DFS

Overview

Depth-First Search is a graph traversal algorithm that explores as far as possible along each branch before backtracking. DFS uses recursion or a stack to dive deep into the graph before exploring other paths.

How DFS Works

DFS starts at a source vertex, marks it as visited, and recursively visits all unvisited neighbors. For each neighbor, it immediately explores that neighbor's neighbors before returning. This creates a deep exploration pattern.

Recursive Implementation

The recursive approach naturally uses the call stack to remember where to backtrack. Each recursive call explores one neighbor deeply, and when all neighbors are explored, the function returns to explore other branches from previous levels.

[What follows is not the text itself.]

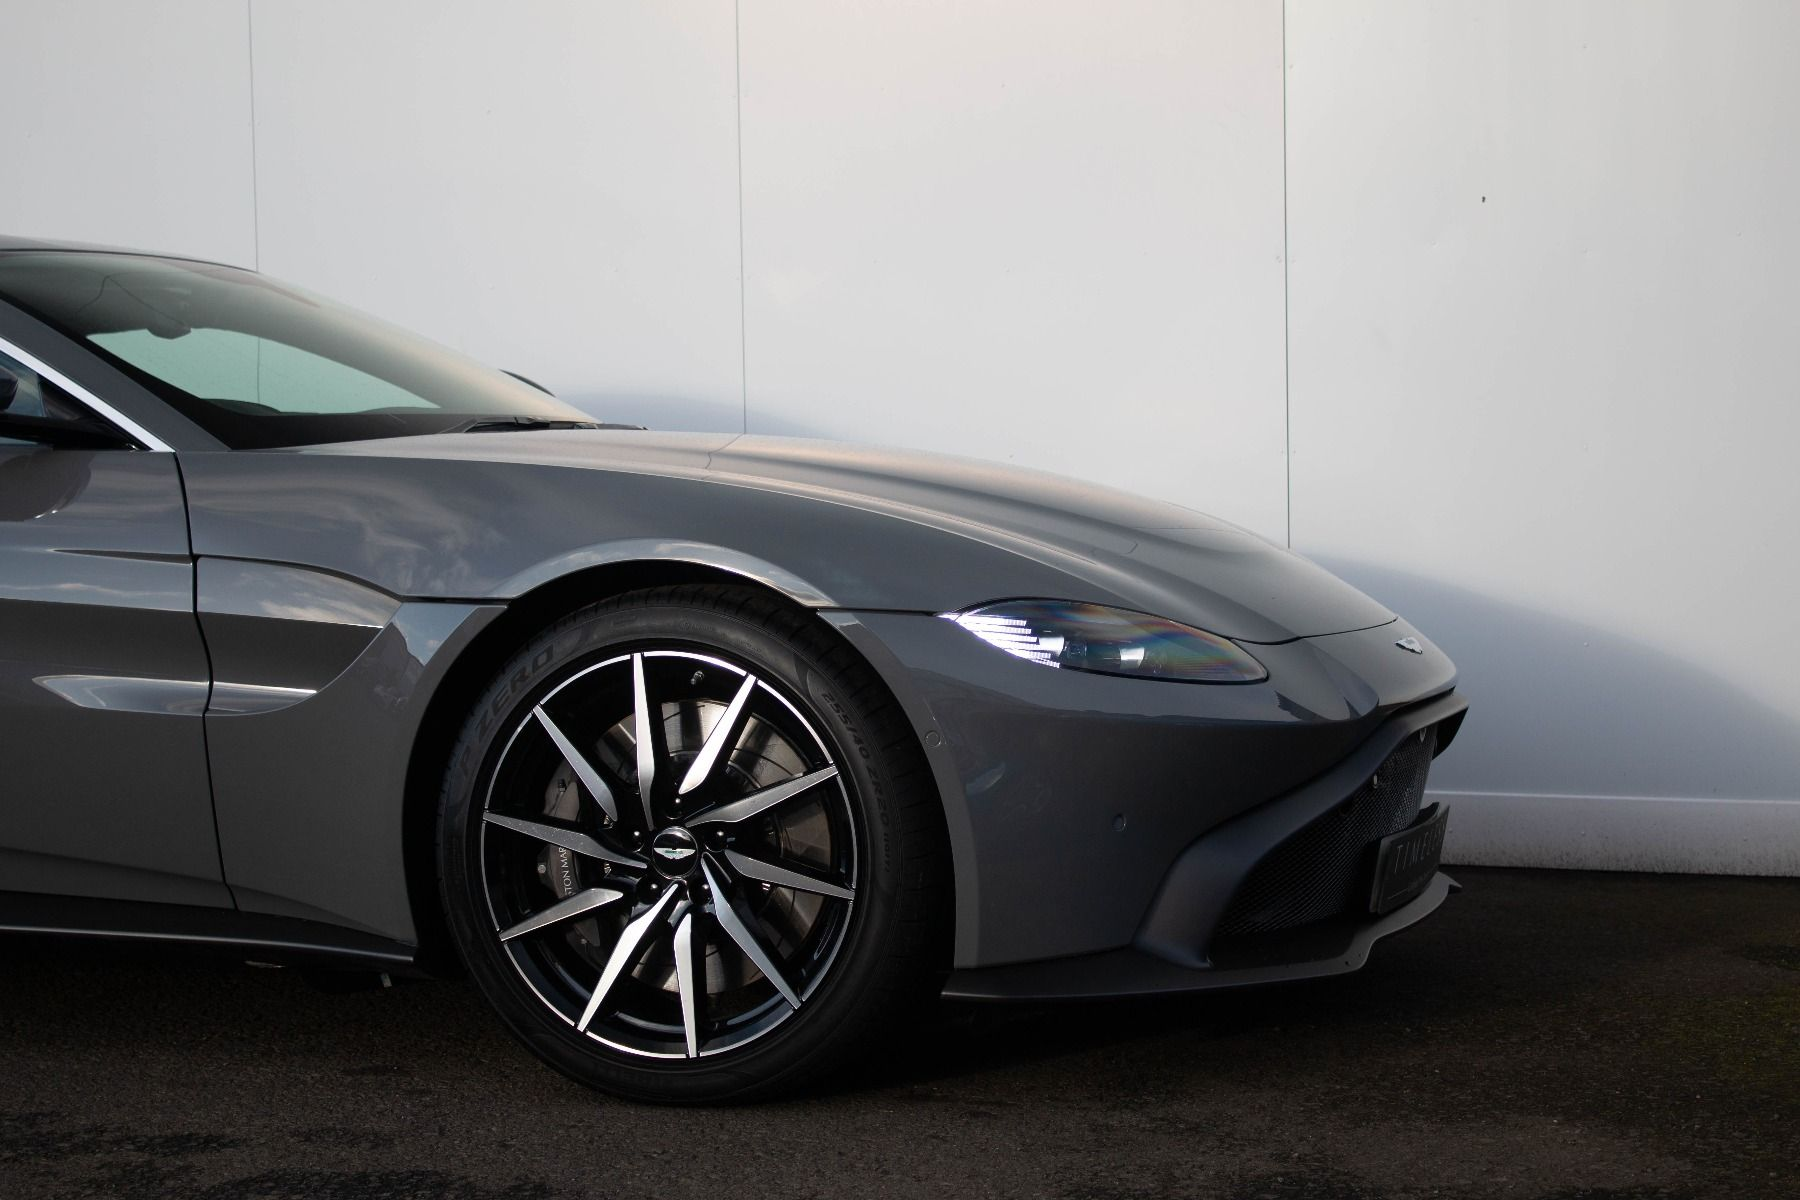 Aston Martin V8 Vantage Coupe 2dr ZF 8 Speed image 5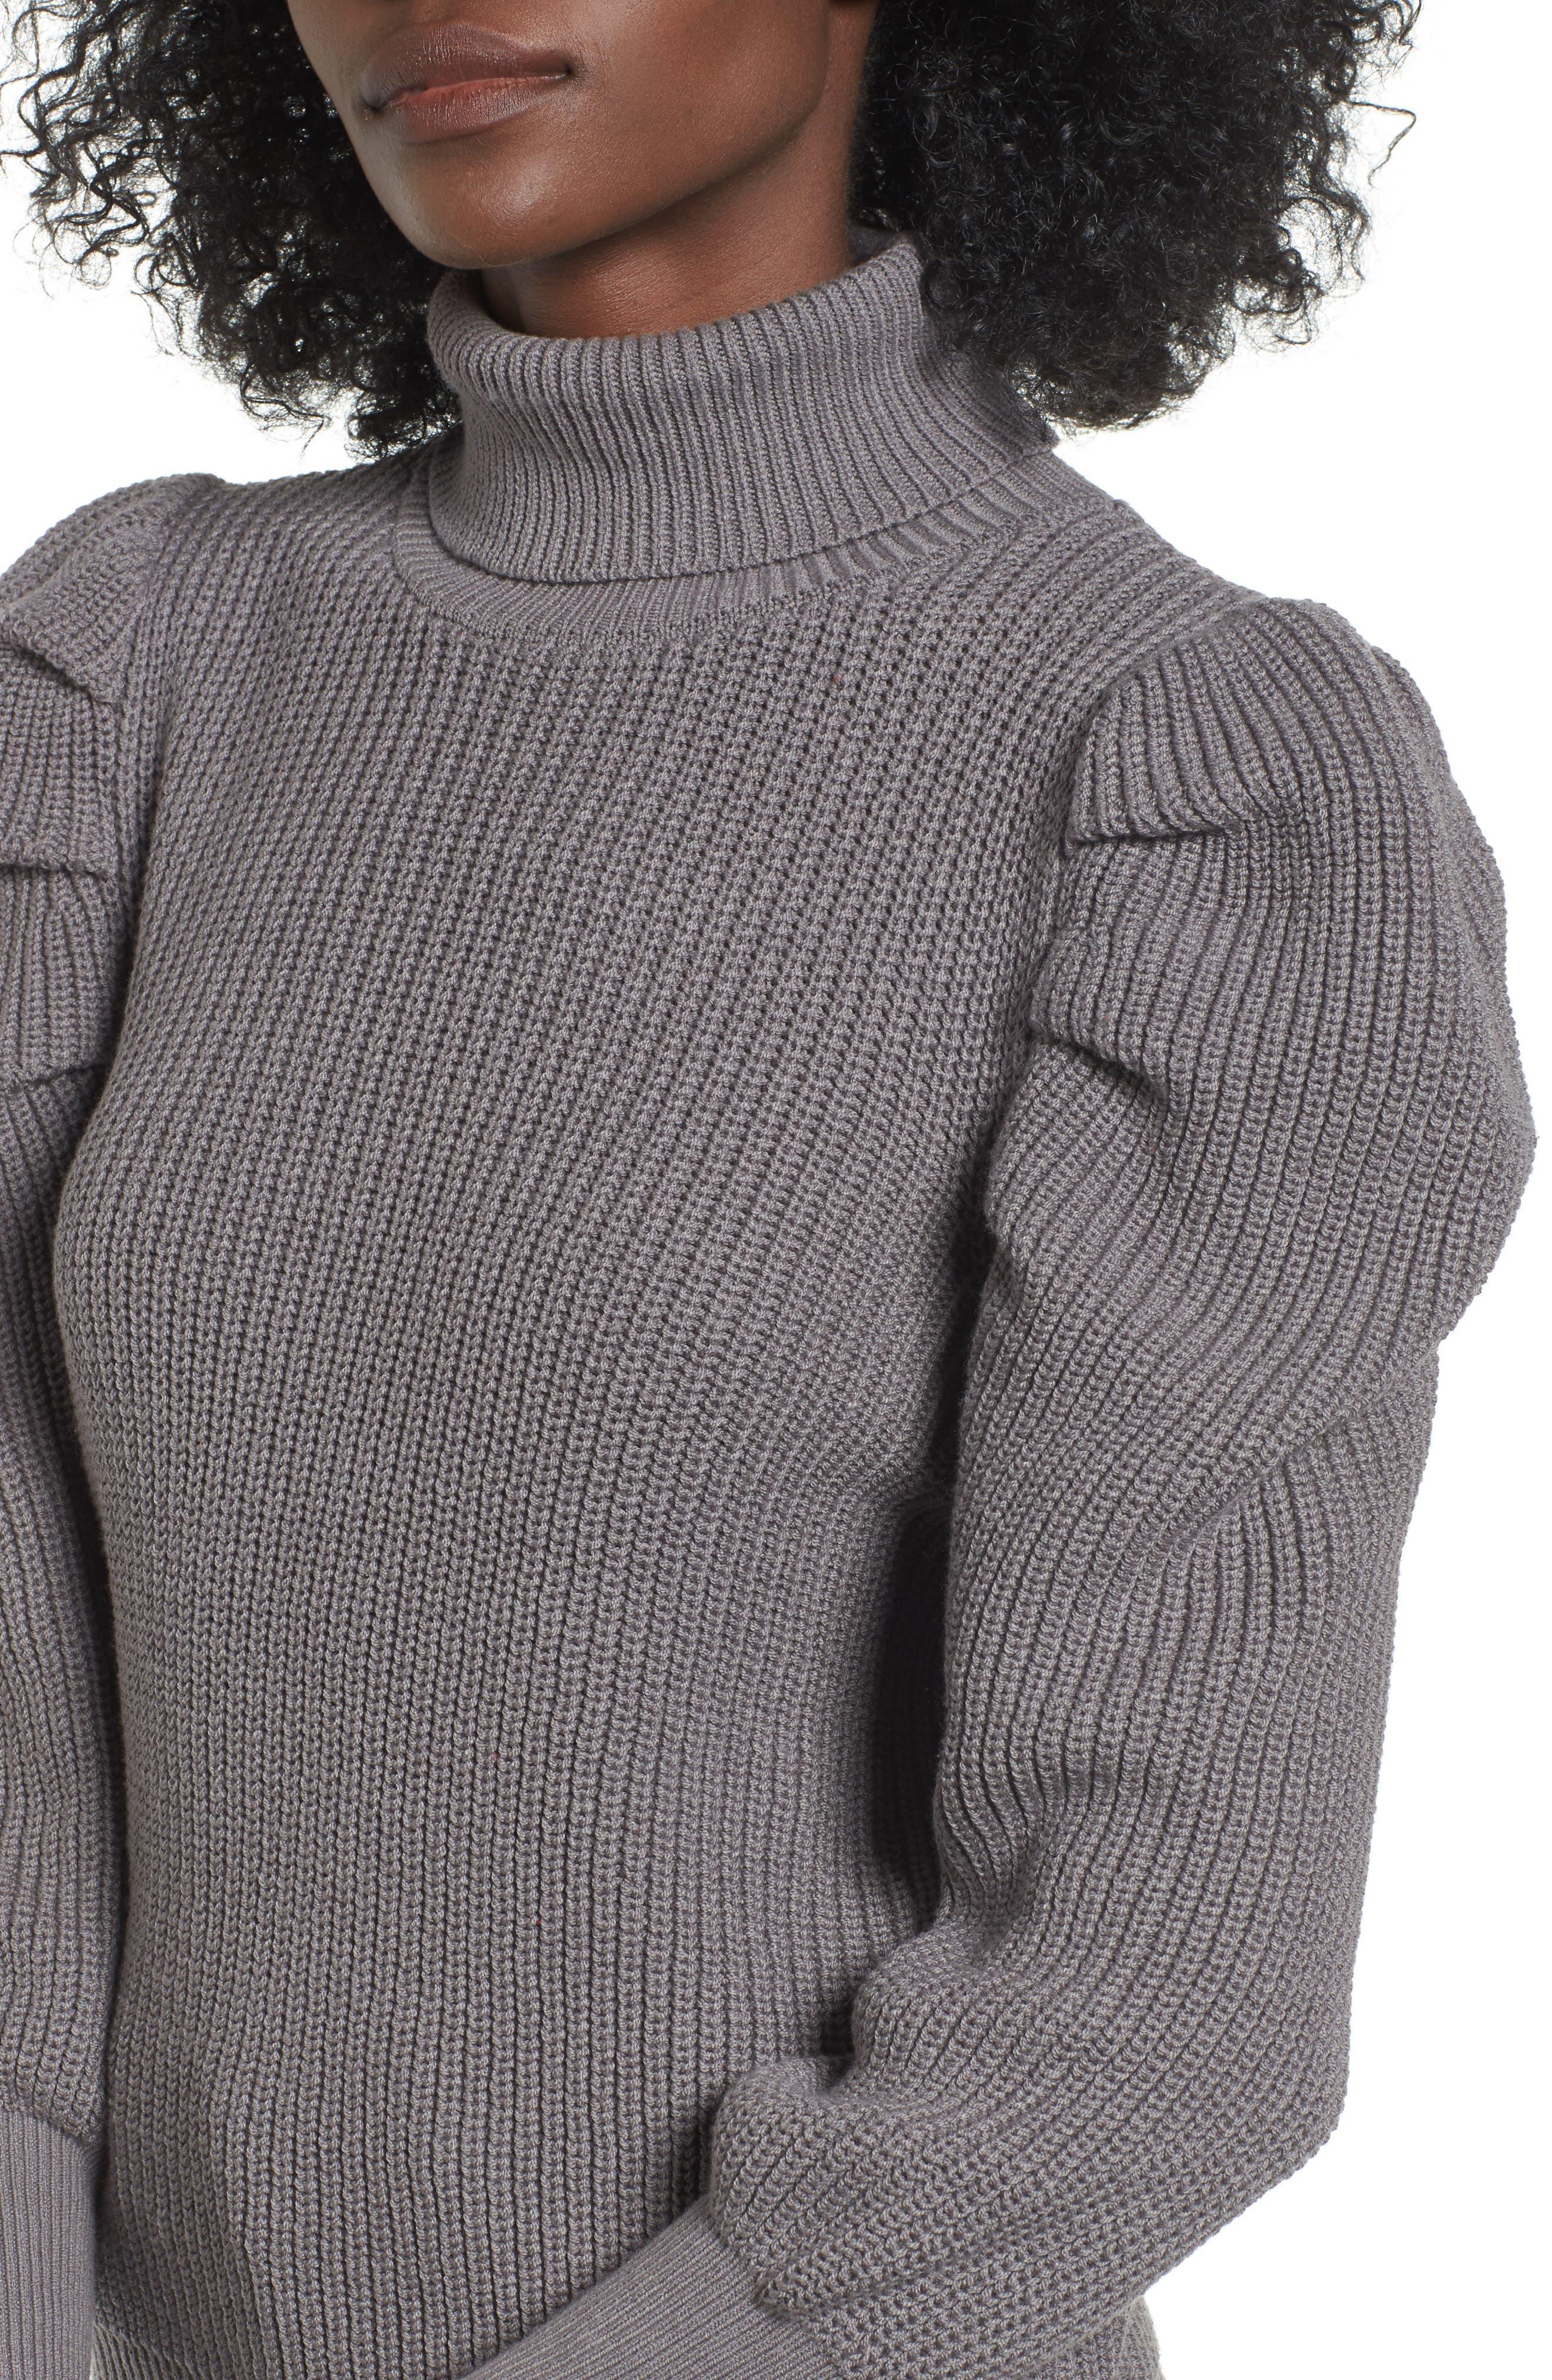 Puff Sleeve Turtleneck Sweater,                             Alternate thumbnail 4, color,                             030

Stack-Based Implementation

DFS can also use an explicit stack instead of recursion. Push the starting vertex, then while the stack isn't empty, pop a vertex, mark it visited, and push all unvisited neighbors. This mimics the recursive call stack.

Applications of DFS

DFS is useful for finding connected components, detecting cycles in graphs, topological sorting of directed acyclic graphs, solving maze problems, and finding paths between vertices. It's also the foundation for many advanced algorithms.

Time and Space Complexity

Like BFS, DFS has O(V + E) time complexity as it visits each vertex once and checks each edge once. Space complexity is O(V) for the recursion stack or explicit stack, plus the visited tracking.